Project overview
A large amount of data concerning American households is collected by surveys. Individual surveys typically focus on a single topic – e.g. finances, housing, or health – and field independent and relatively small samples. As a result, data users are constrained by the particular variables and spatial resolution available in a single survey. The fusionACS data science platform (Ummel et al. 2024) addresses this problem by statistically “fusing” variables from disparate surveys to simulate a single, integrated, high-resolution survey.
Variables unique to “donor” surveys are simulated for American Community Survey (ACS) households and individuals, thereby generating probabilistic estimates of how ACS respondents might have answered a donor survey’s questionnaire. Respondent characteristics that are common to both the donor and the ACS (e.g. income, age, household size) – as well as spatial information that can be merged to both (e.g. characteristics of the local built environment) – are used as predictors variables in LightGBM machine learning models (Ke et al. 2017).

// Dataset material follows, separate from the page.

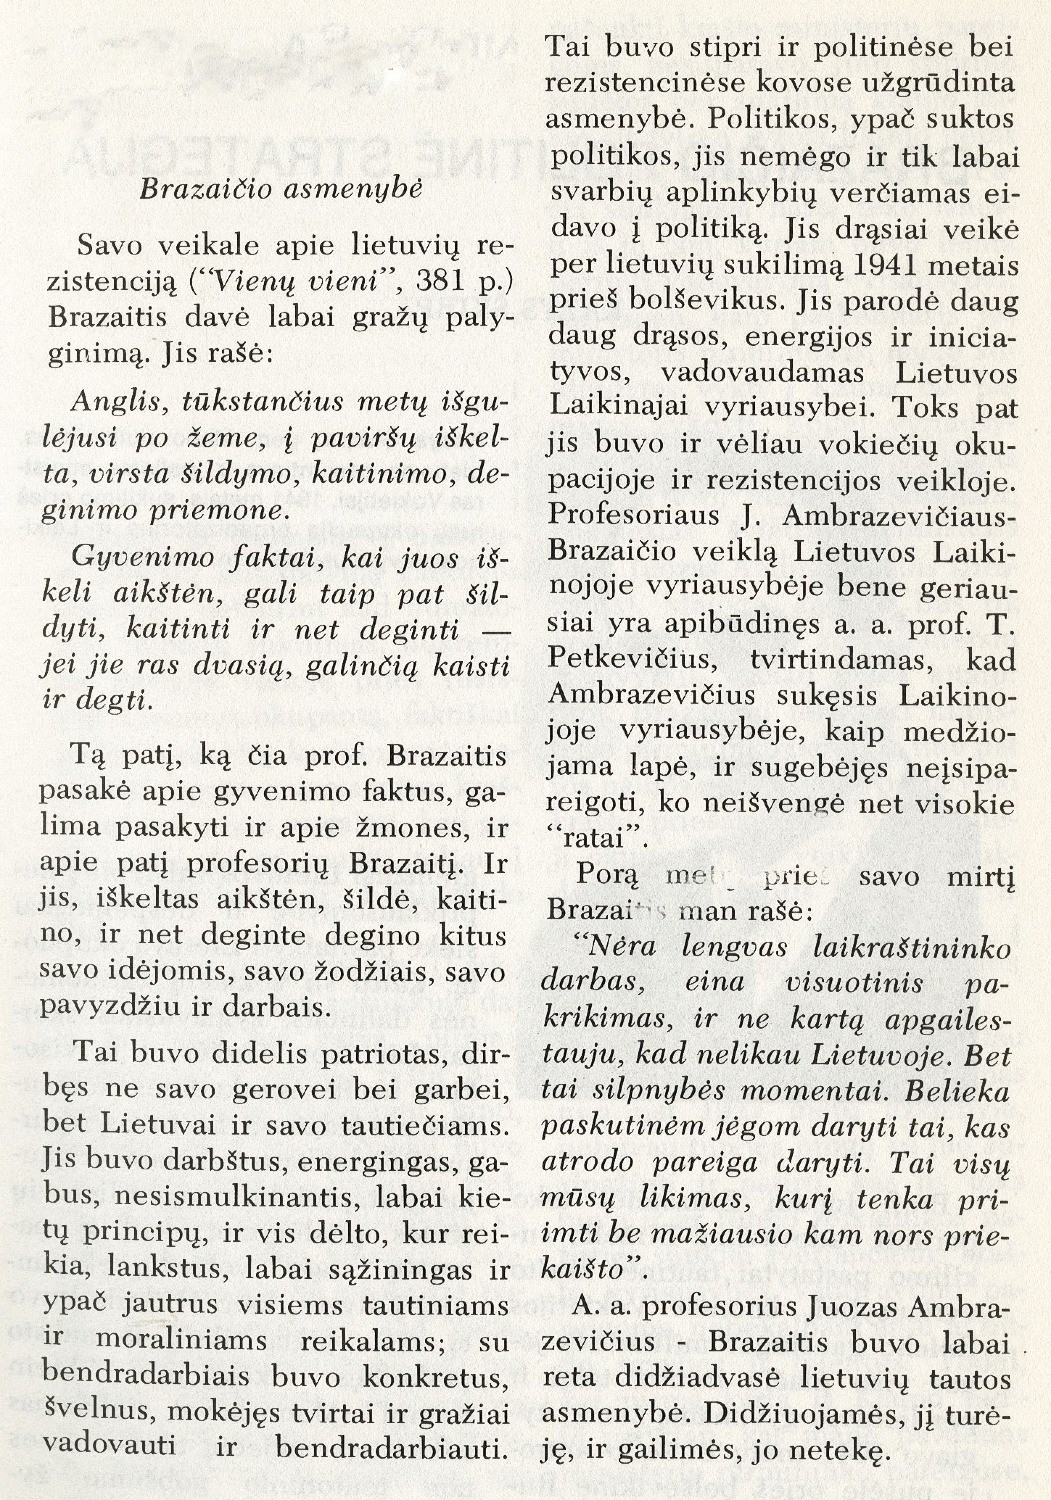 Juozas Brazaitis Laikinojoje Lietuvos vyriausybėje / Stasys Raštikis // Į laisvę. – 1975, Nr. 65, p. 7–15.

In 2025, an enhanced version of fusionACS was introduced that integrates UrbanPop, a synthetic population data product produced by Oak Ridge National Laboratory (Tuccillo et al. 2023). UrbanPop provides probabilistic estimates of the location of each ACS respondent household. The fusionACS + UrbanPop platform makes it possible to derive estimates at high spatial resolution – even at the level of individual census block groups – for any ACS or donor survey variable.
The fusionACS project seeks to maximize the amount of useful information that can be extracted from existing U.S. household survey data in order to help academics and policymakers answer research questions that would otherwise be impossible.
How to access
The fusionACS R package allows users to access and analyze a “pseudo-sample” of the complete fusionACS database stored within the Yale High Performance Computing (HPC) facility. The complete database – consisting of multiple fusion implicates and integration of the ORNL UrbanPop synthetic population – is prohibitively large for public dissemination and contains some data that cannot be released. The goal of the fusionACS package is to enable users to perform exploratory analysis, and design, refine, and test analyses using the full suite of variables available in the private database.
The pseudo-sample contains a single record (observation) for each ACS respondent (households and persons) for the period 2015-2019. Each record includes actual/observed values for all variables in the ACS, as well as a single simulation of each variable fused from donor surveys. As a result, the pseudo-sample plausibly mimics how ACS respondents might have answered questions unique to the donor survey questionnaires.
The sample also includes a range of geographic variables – from census region down to individual block groups – for each ACS household. These are obtained by random sampling of the underlying UrbanPop data in such a way that all block groups nationwide are represented.
While the sample data cannot be used to derive “final” estimates or the associated margin of error, it can be used to do just about everything else a user might normally do during the analysis development and prototyping stages. And for analyses that are not hyper-specific (i.e. involve a comparatively large number of observations) the estimates derived from the pseudo-sample will often be quite close to the true values computed on the full database.
Our hope is that it will eventually be possible to remotely execute a valid analysis – designed and tested locally – using the complete fusionACS database and return the full “production” results to the user.